◆ Supplied data ◆

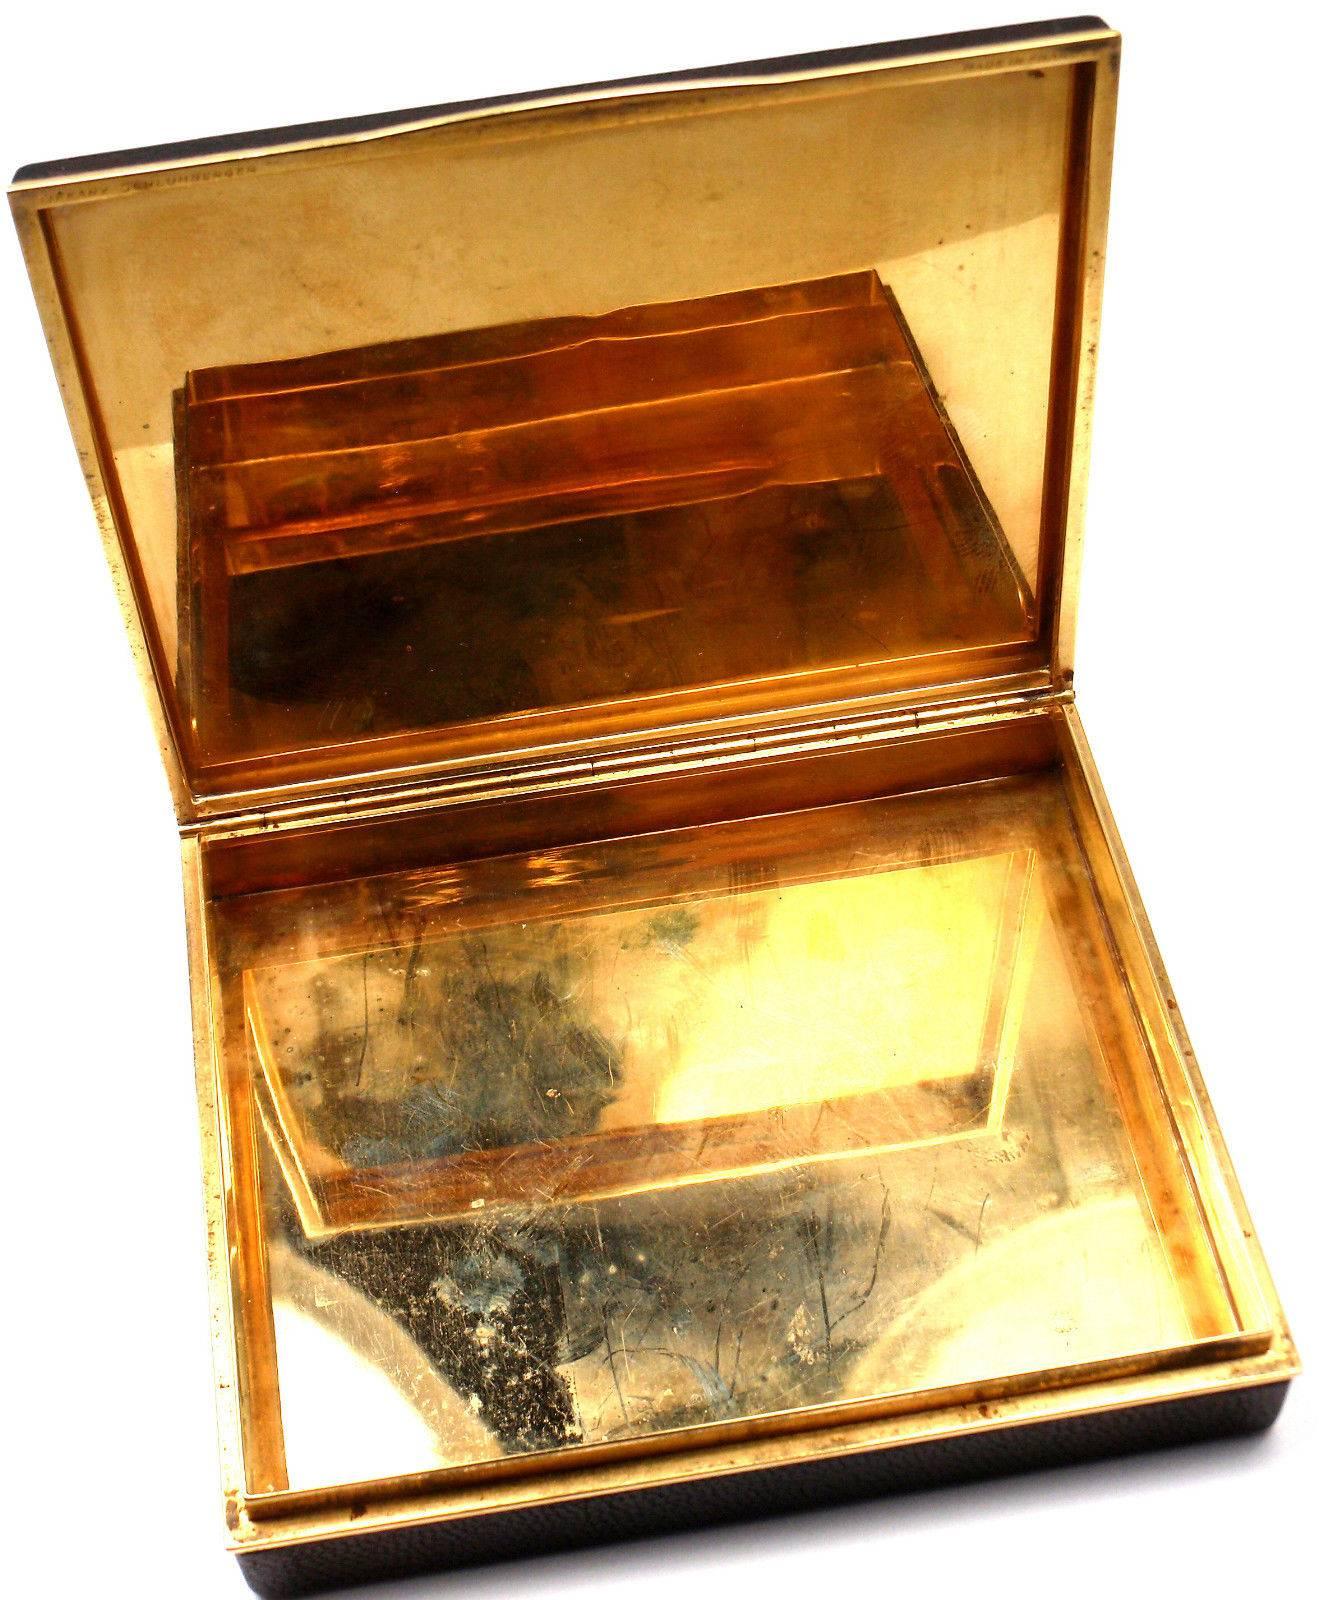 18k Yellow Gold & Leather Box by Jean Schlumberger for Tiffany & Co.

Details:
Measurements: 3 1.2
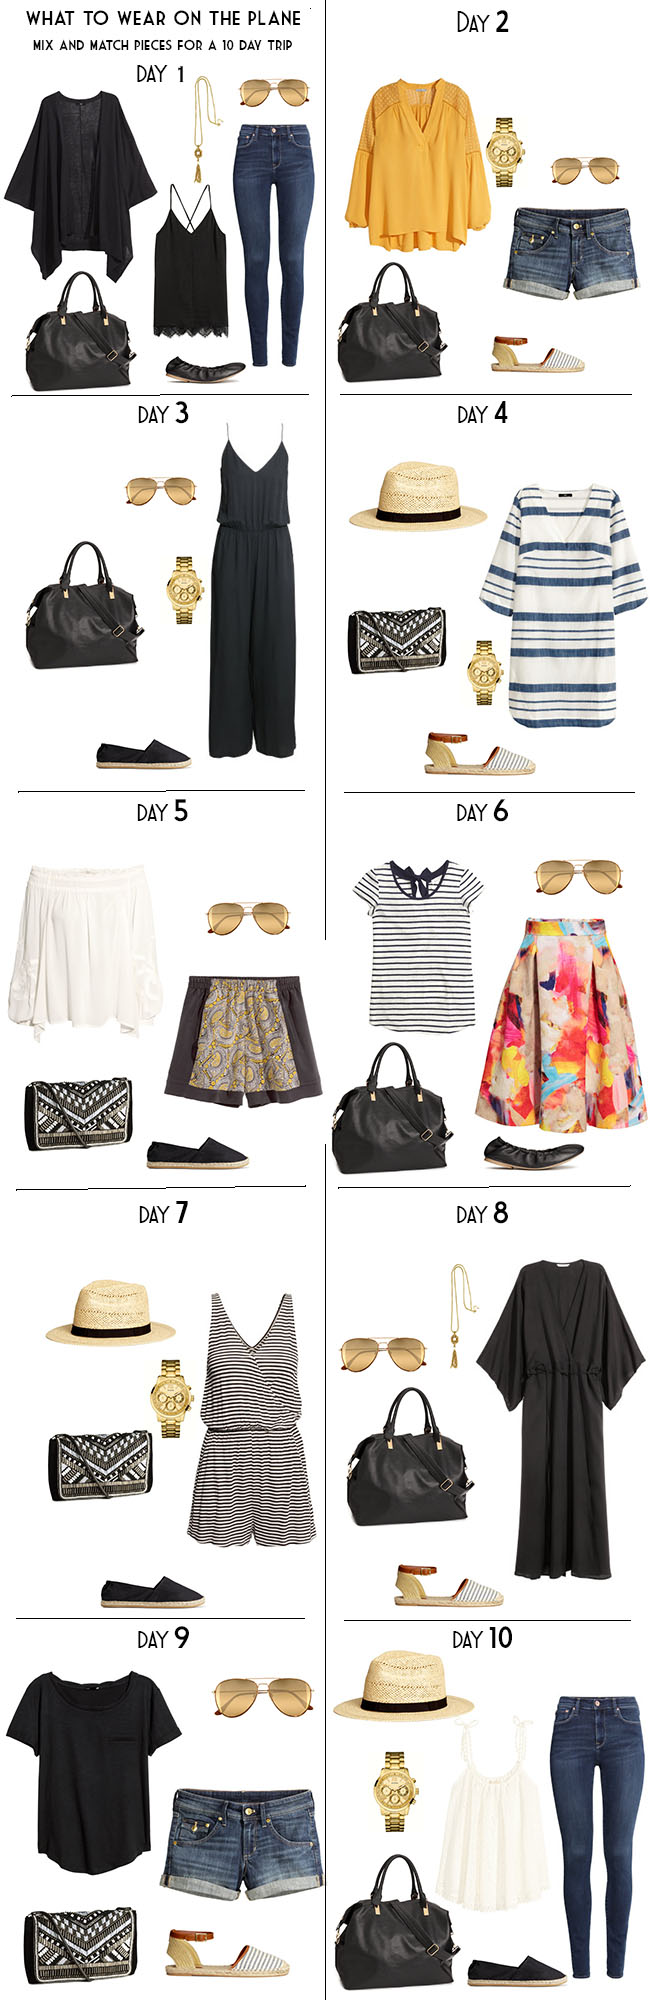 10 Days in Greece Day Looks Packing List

* * *

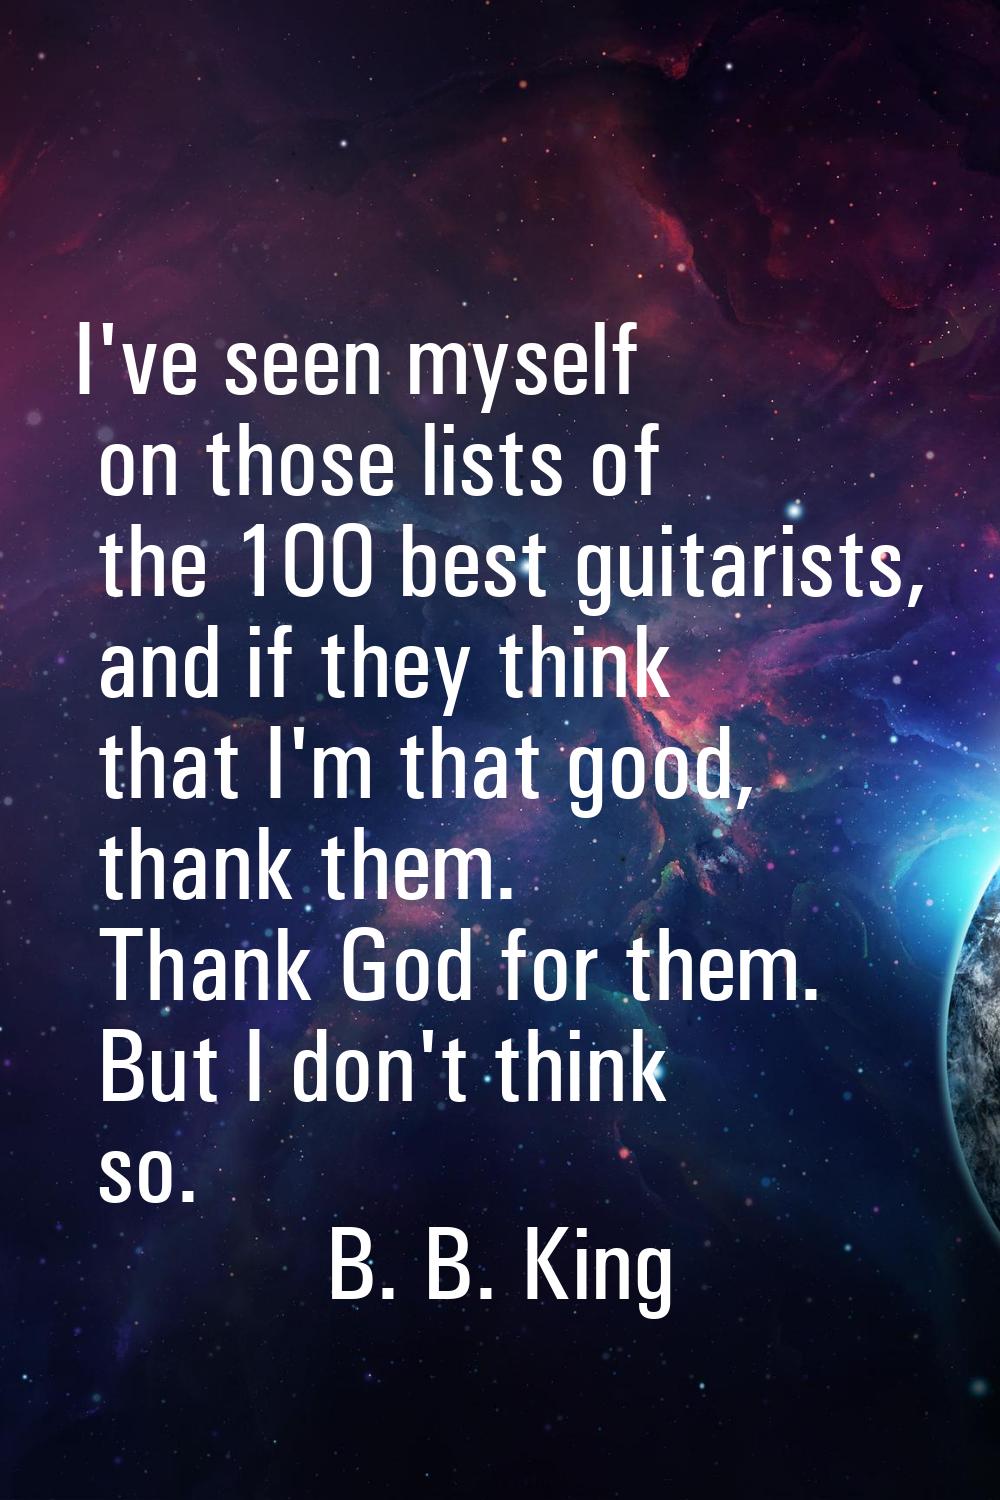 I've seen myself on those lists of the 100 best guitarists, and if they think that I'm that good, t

==

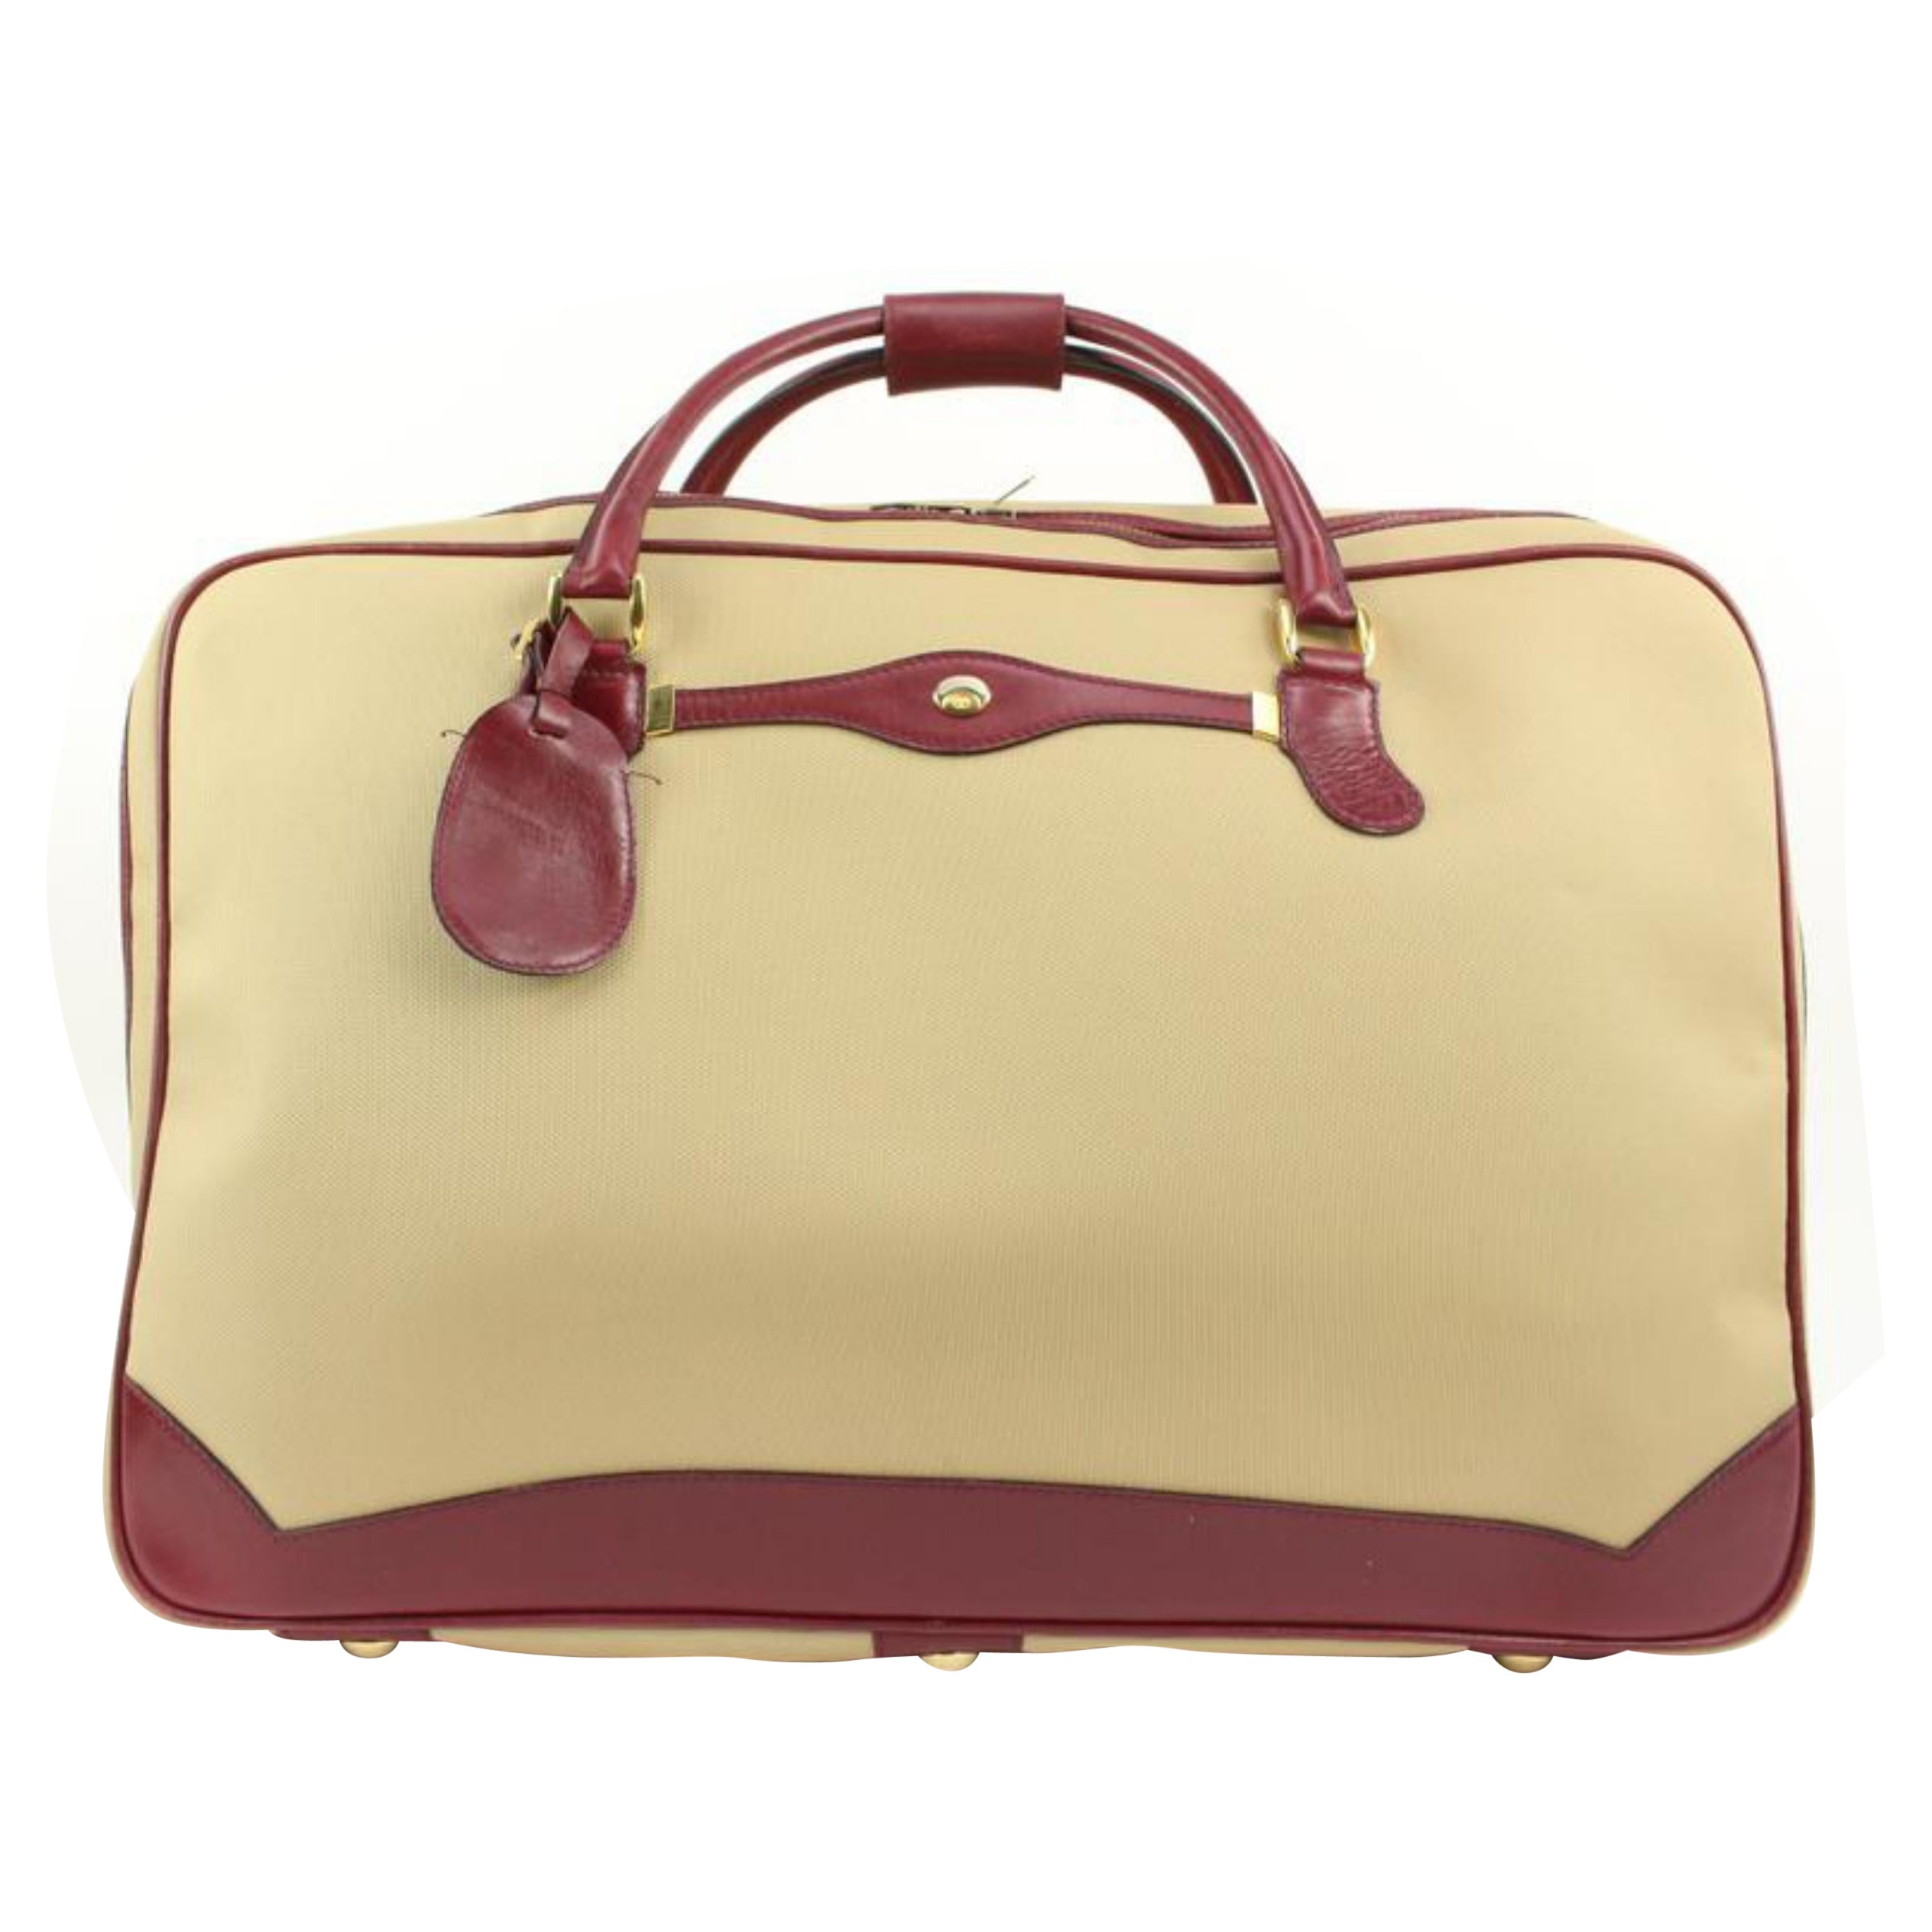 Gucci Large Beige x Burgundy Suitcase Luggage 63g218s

◆ Brief ◆
Transcribe, from the material above, the stretch starting at the line with "18k Yellow Gold" and ending at the line with "10 Days in Greece Day Looks Packing List", both included, exactly. Do not carry over pictures.

◆ Task answer ◆
 18k Yellow Gold & Leather Box by Jean Schlumberger for Tiffany & Co.

Details:
Measurements: 3 1.2
 10 Days in Greece Day Looks Packing List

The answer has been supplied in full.